Fromm’s notion of spontaneity is closely tied to Terry Eagleton’s ideas about love. To become transparent – to see the self and accept what we see – is to love the self; and to love it is to be disinterested in it – and here we can draw a distinction between self-love and selfishness. Disinterestedness is in many ways an opposite to selfishness, the latter involving an incessant concern with the self founded on a lack of self-love. To be disinterested is not to not have interests, rather it is just that our interest lies in another rather than in ourselves. The selfish person is unable to be disinterested because their sense of self rests on decidedly unsteady foundations, necessitating a constant looking downwards – and inwards – a paranoid self-monitoring that fears dissolution. In contrast, the person who is disinterested - who loves the self - has firm foundations, allowing them to direct their gaze outwards into the world, safe in the knowledge that their bedrock is solid.

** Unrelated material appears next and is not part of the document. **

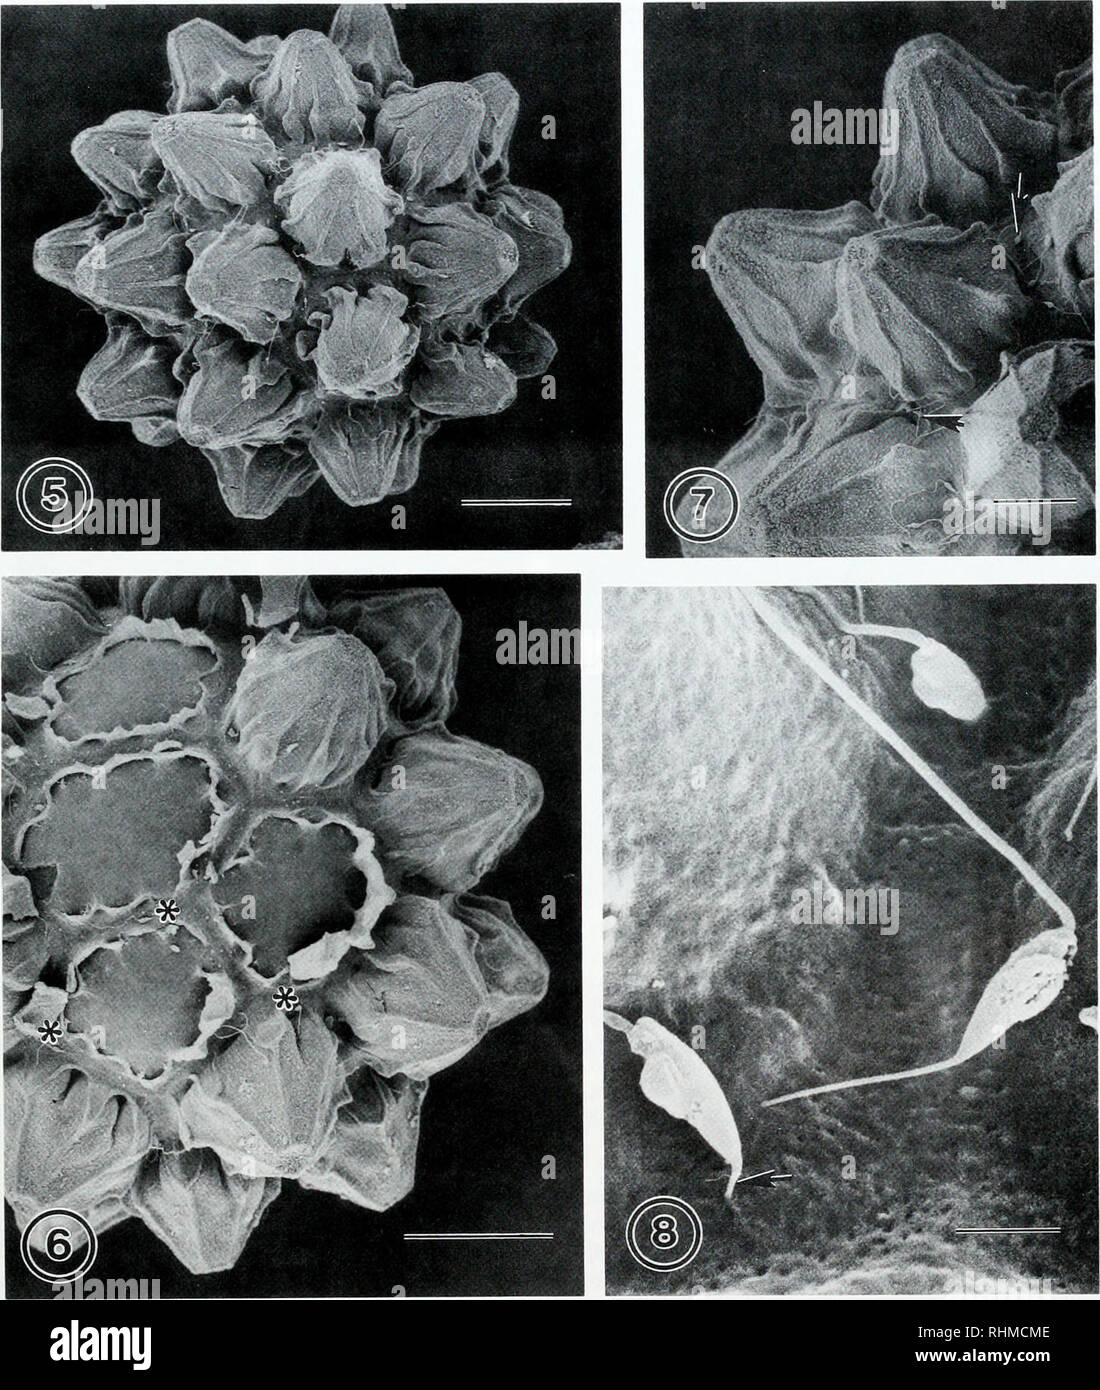 . The Biological bulletin. Biology; Zoology; Biology; Marine Biology. HULL CUPULES OF CHITON EGGS 273. Figures 5-8: Scanning electron micrographs of fertilized eggs of Lepidochitona dentiens. Figure 5. Fertilized egg of L. dentiens demonstrating closed cupules. Scale bar = 40 ^m. Figure 6. Fertilized egg of L. dentiens with some cupules removed. No sperm are found inside cupules. Note sperm penetrating hull between cupules (asterisks). Scale bar = 40 ^m. Figure 7. Fertilized egg of L. dentiens showing sperm in intercupule area (arrows). Scale bar = 20 ^m. Figure 8. Sperm penetration of L denli Stock Photo

If love is, as Fromm suggests, a “lingering quality” waiting to be actualized by an object, then transparency – self-love - is the first instance, and the flowering, of a love that is able to flow outwards and into the community. So we see that Fromm’s notion of self affirmation – that is, acceptance of our individuality “in all our squalor and recalcitrance”40 - is in the end an affirmation of love, a love that can lead outwards towards the other.
To be spontaneous is to see and enjoy the positive aspects of freedom; it is to stay on the path, and to walk onwards with open eyes. “The basic dichotomy that is inherent in freedom – the birth of individuality and the pain of aloneness – is dissolved on a higher plane by man’s spontaneous action.”41 It is, then, freestanding, instead of freefalling. The fear of the child who, upon contact with the expanse of the world – its whirl of experiences and possibilities - rushes to the security of his parents and the various protective illusions of a cosseted existence, is made redundant by a new sense of security – “The new security is dynamic; it is not based on protection, but on man’s spontaneous activity. It is the security acquired each moment by man’s spontaneous activity. It is the security that only freedom can give, that needs no illusions because it has eliminated those conditions that necessitate illusions.”42
Like mindfulness, spontaneity is generally discouraged by our various systems, many of which can be seen to exist as a refuge from negative freedom.